The noble Lord says that another Minister could take that position. But another Minister might be a competitor for the role. How on earth could we guarantee that there would be an easy judgment about who should fulfil this role and how would that be arrived at?
We are saying that the First Minister, having lost a vote of confidence, is a standby Minister until his or her successor is elected. The moment that election has taken place, he or she goes. It is similar to the removal van being at No. 10, when things move with considerable dispatch. Things might take slightly longer in this respect, but the principle is clear. The Prime Minister is in office until his successor takes up the new position and has kissed hands. For the Assembly, it is clear that the outgoing First Minister carries on for a very short time until the election of his successor. I hope that the noble Lord recognises that that is a reasonable provision. The Bill makes it quite clear that that is exactly what happens.

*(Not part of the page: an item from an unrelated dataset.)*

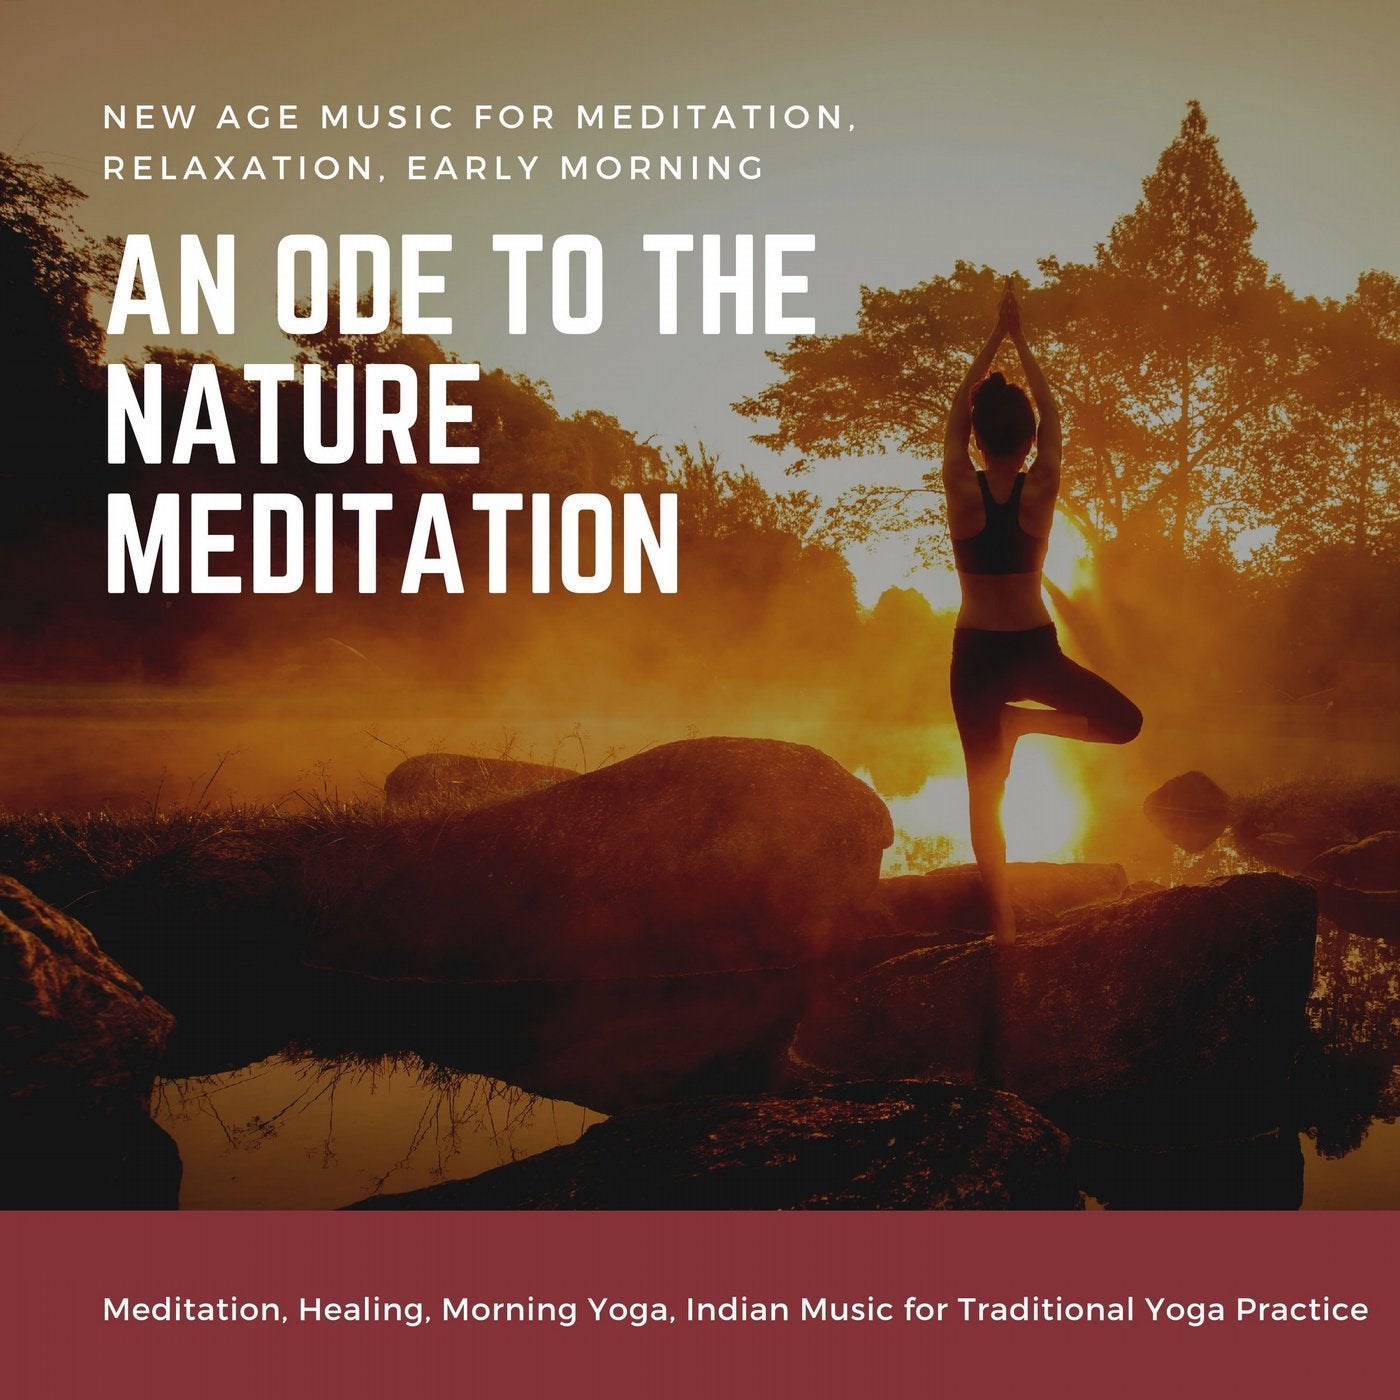 An Ode To The Nature Meditation (New Age Music For Meditation, Relaxation, Early Morning Meditation, Healing, Morning Yoga) (Indian Music For Traditional Yoga Practice)

Lord Livsey of Talgarth: My Lords, I hope the Minister will not mind my saying this, but his comments brought to mind something that happened during the 1970s. I went to Downing Street; the crowd were shouting Out to the Prime Minister, while his successor was already in No. 10. I remember thinking that that was rather amusing. Of course, one cannot just wander up to the door of No. 10 these days.
I gleaned from what the Minister said that this was not a problem. Some people might not want to be First Ministerin fact, I suspect that there could be quite a number. I am sure it is not beyond the wit of the Presiding Officer to establish who is in that position and perhaps a successor could be found.